Security builder & leader

Realm Labs: RSAC 2026 Innovation Sandbox Profile

← Back to comparison

This profile was compiled in March 2026 using AI tooling guided by security product strategy guidance from Lenny Zeltser's MCP server. The analysis was performed by AI without direct human validation, to demonstrate the capabilities of AI agents guided by an expert framework. Outside this demo, a human analyst would conduct iterative conversations with the AI agent to arrive at more accurate conclusions.

Executive Summary

Realm Labs builds AI security tools that monitor how large language models reason internally, not just what they output. Founded in 2023 by former Symantec and Splunk AI security researcher Saurabh Shintre, the company offers three products: an AI firewall (OmniGuard), an internal observability platform (Prism), and a data governance/DLP tool (DataRealm). The company raised $5 million from Crosspoint Capital Partners at RSAC 2026 and counts Anthropic among its early customers. Its core differentiator is “internal observability,” which claims to inspect attention patterns, chain-of-thought processes, and token probabilities inside LLMs during inference.

Company Overview

FieldDetailEvidence
Founded2023Company website; LinkedIn
HeadquartersSunnyvale, CaliforniaCompany website
Funding$5M from Crosspoint Capital Partners (March 2026)NSFOCUS RSAC analysis; Security Boulevard
StageSeedInferred from funding amount, team size, and product maturity
Employees~6 (6 named on website)Company page
Key InvestorsCrosspoint Capital Partners, Tola Capital, First Rays Venture Partners, Silver Buckshot, Firestreak VenturesCompany website; First Rays announcement

Investor Track Records:

Problem Definition and Market Opportunity

Enterprises deploying AI face a visibility gap. Current guardrails and observability tools monitor inputs and outputs but treat models as black boxes. This creates blind spots for prompt injection, data leakage, hallucination, and privilege escalation in AI applications.
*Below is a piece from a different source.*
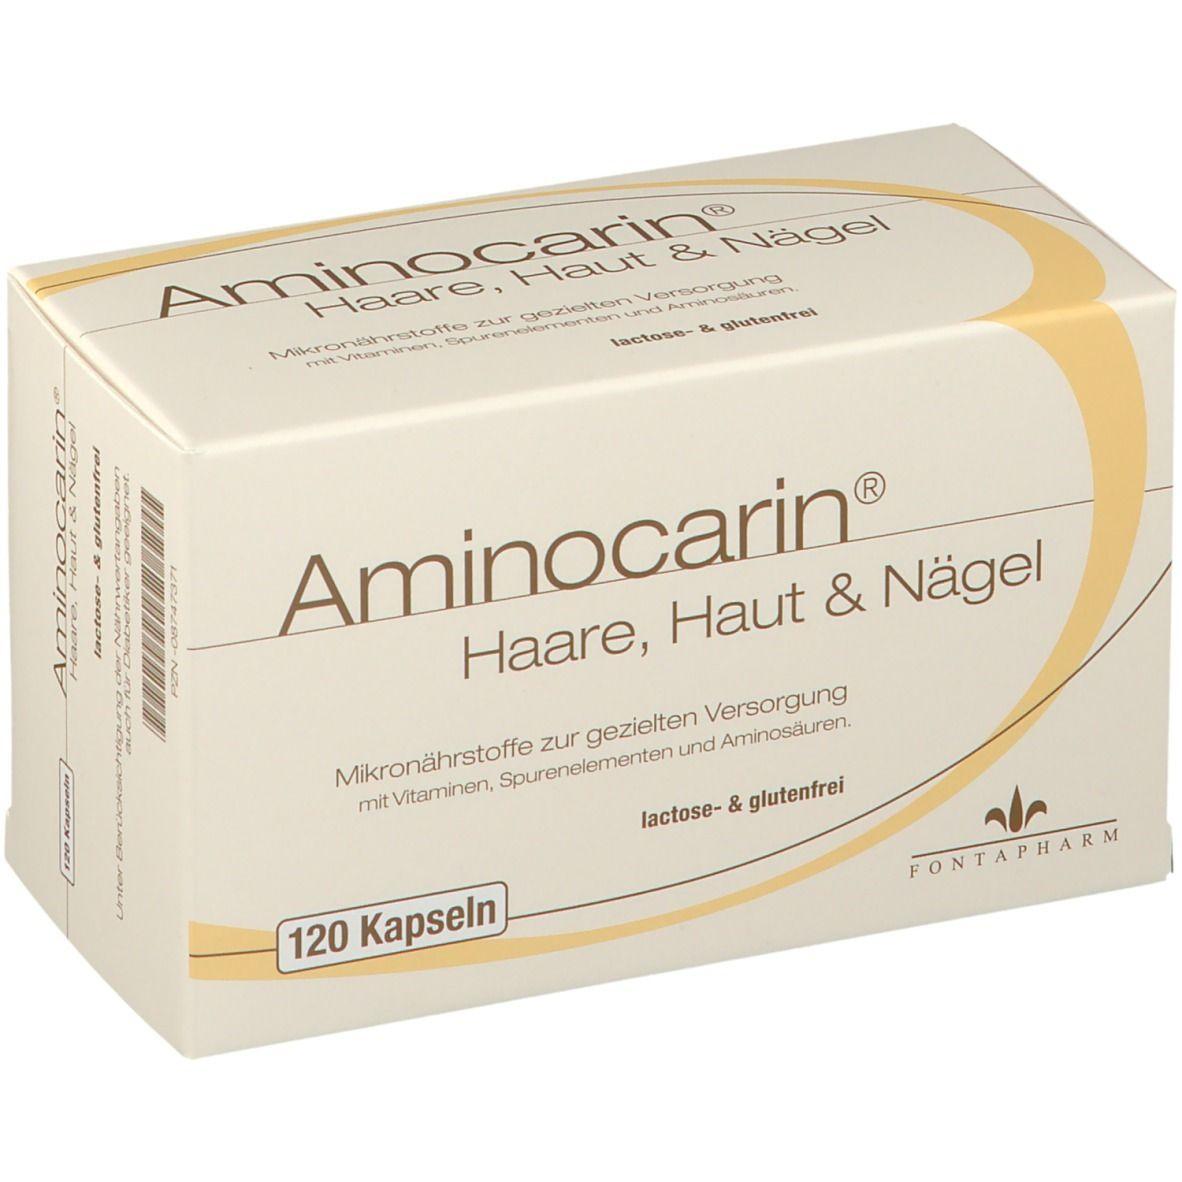 Image of Aminocarin® Kapseln

The problem intensifies as organizations move from simple chatbots to autonomous AI agents. Agents that access internal data, execute multi-step tasks, and interact with external APIs expand the attack surface beyond what traditional perimeter-based monitoring can cover. Palo Alto Networks’ Chief Security Intelligence Officer has called AI agents “the biggest insider threat of 2026”, a framing Realm Labs explicitly endorses in its marketing.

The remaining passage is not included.